Set the following values in the main file:
backend "azurerm" {
storage_account_name = "[your storage account name"
container_name = "[your storage container name]"
key = "[your storage account key"
resource_group_name = "[your storage account resource group name]"
}
Set the following values in thevariables file:
variable "app_service_sku" {
description = "The SKU (size - cpu/mem) of the app plan hosting the container. See: https://azure.microsoft.com/en-us/pricing/details/app-service/linux/"
default = "P2V2"
}
variable "docker_registry_url" {
description = "[your container registry].azurecr.io"
default = ""
}
variable "docker_registry_username" {
description = "[your container registry username]"
default = ""
}
variable "docker_registry_password" {
description = "[your container registry password]"
default = ""
}
variable "docker_image" {
description = "[your docker image name]:[your tag]"
default = ""
}
variable "dbscan_model" {
description = "Set this to books.pkl (if using demo value)"
default = "books.pkl"
}
variable "resource_group" {
description = "This is the name of an existing resource group to deploy to"
default = ""
}
variable "location" {
description = "This is the region of an existing resource group you want to deploy to"
default = "eastus2"
}
variable "debug" {
description = "API logging - set to True for verbose logging"
default = false
}
variable "cluster_labels" {
description = "Set this to labels.pkl (if using demo value)"
default = "labels.pkl"
}
Navigate to the directory containing the files and enter:
terraform init
Then enter:
terraform apply
You will be prompted with:
Do you want to perform these actions?
Terraform will perform the actions described above.
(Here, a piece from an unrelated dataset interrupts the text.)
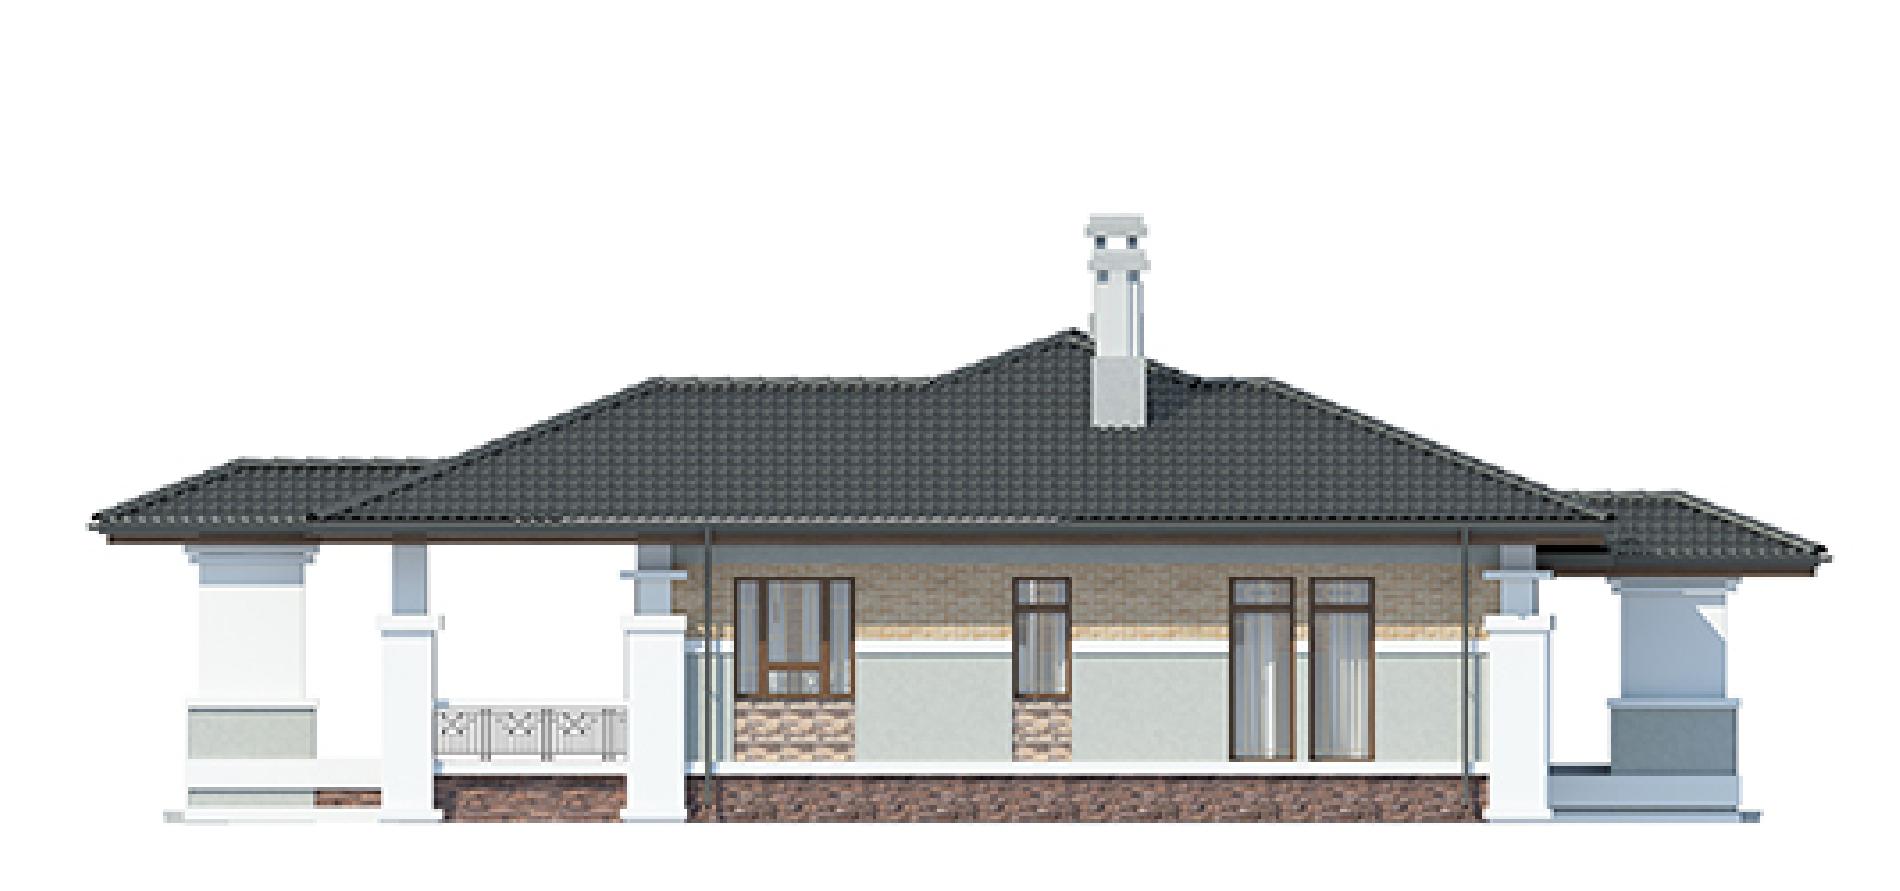 Фасады проекта дома №cp-90-12 cp-90-12_f1.jpg

Only 'yes' will be accepted to approve.
Type bash yes
Once deployed, copy the Azure Web App URL which may be found in the overview section of the portal as we will need it to plug into Azure Search.
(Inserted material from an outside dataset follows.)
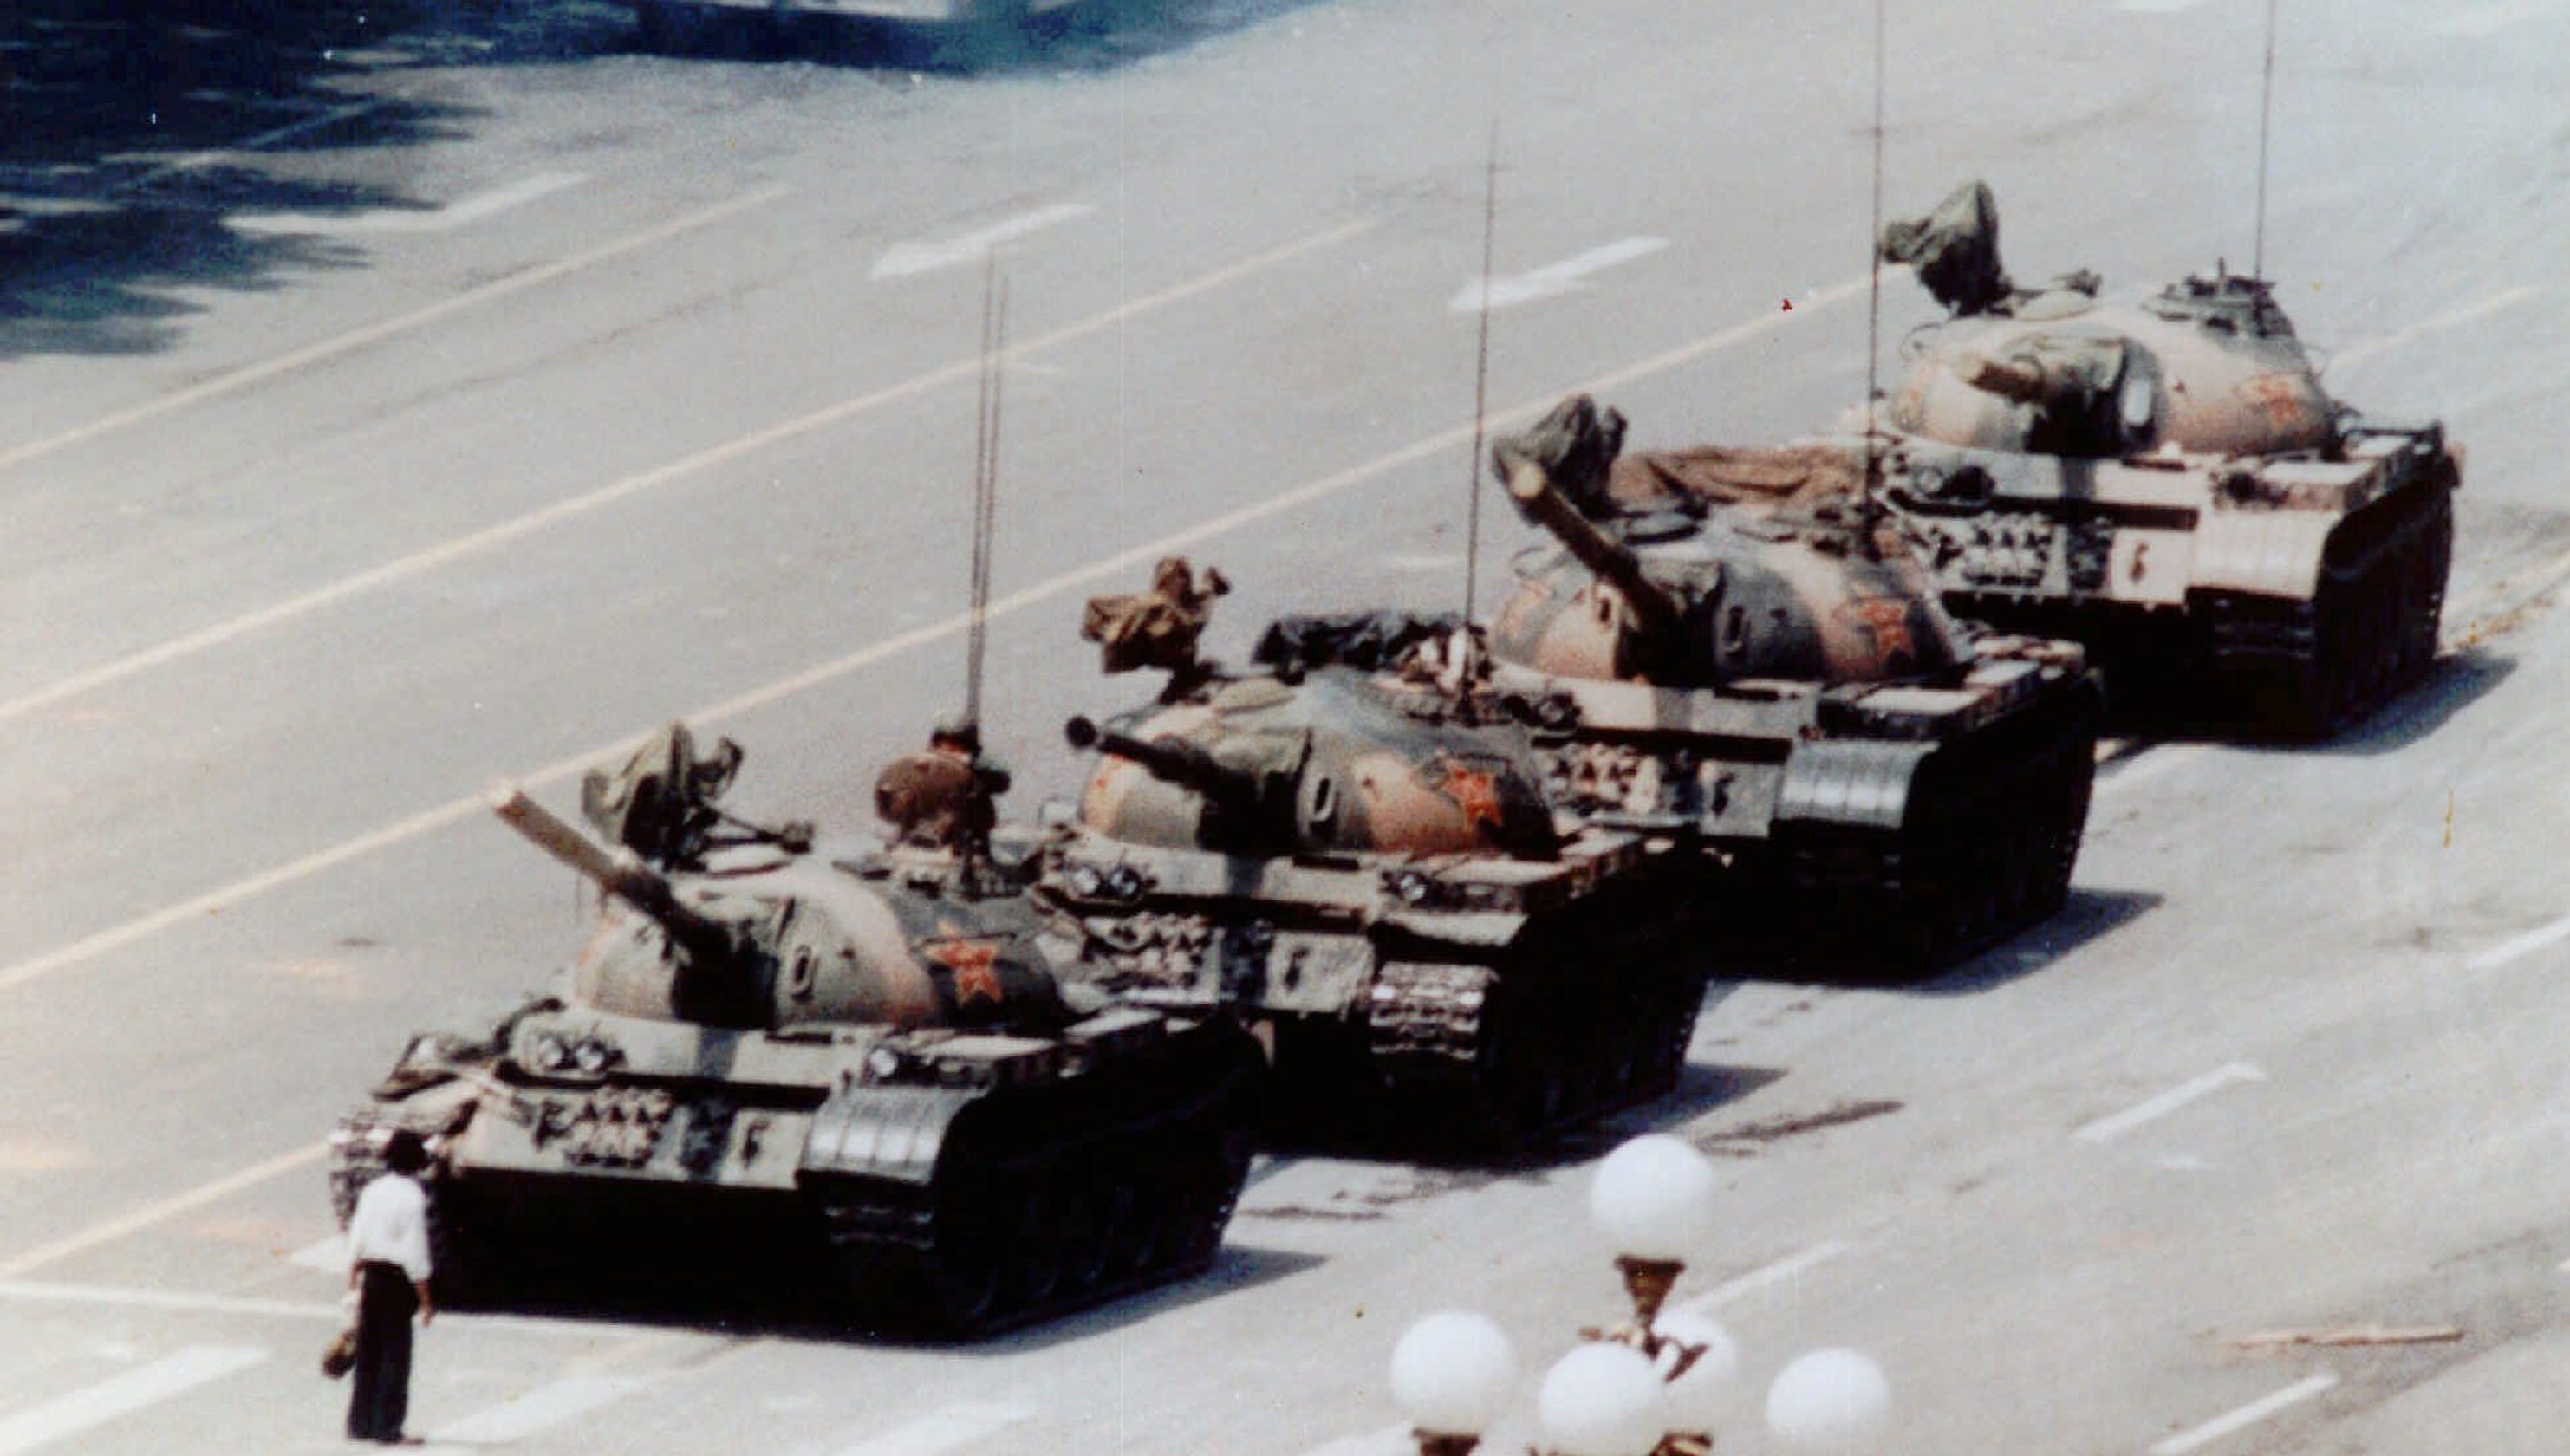 Tiananmen sq

We are now ready to plug the Clustering PowerSkill into our ACS pipeline and test it.
Note, you need an already deployed ACS instance in the same region as your cognitive services instance as we want to compare what our clustering provides in addition to the custom vision services. Obviously we want to augment what we can extract using custom vision with our clustering model.
You will need your ACS API Key and the URL for your ACS instance.
Navigate to and execute the deploy PowerSkill to ACS cell to deploy our PowerSkill. Alternatively, populate the the values within the deployment json files files and use Postman.
The first step is to upload the data files to a container in Azure blob storage and get the connection values to create the ACS data source.
- Next create the index by running the create index cell
- Next create the skillset by running the create the skillset
- Next create the indexer by running the create indexer cell
The indexer will automatically run and you should see requests coming in if you look at the Web App logs.
Now we are in a position to search on our cluster labelled data, navigate to the test search cell to search on our clustered images.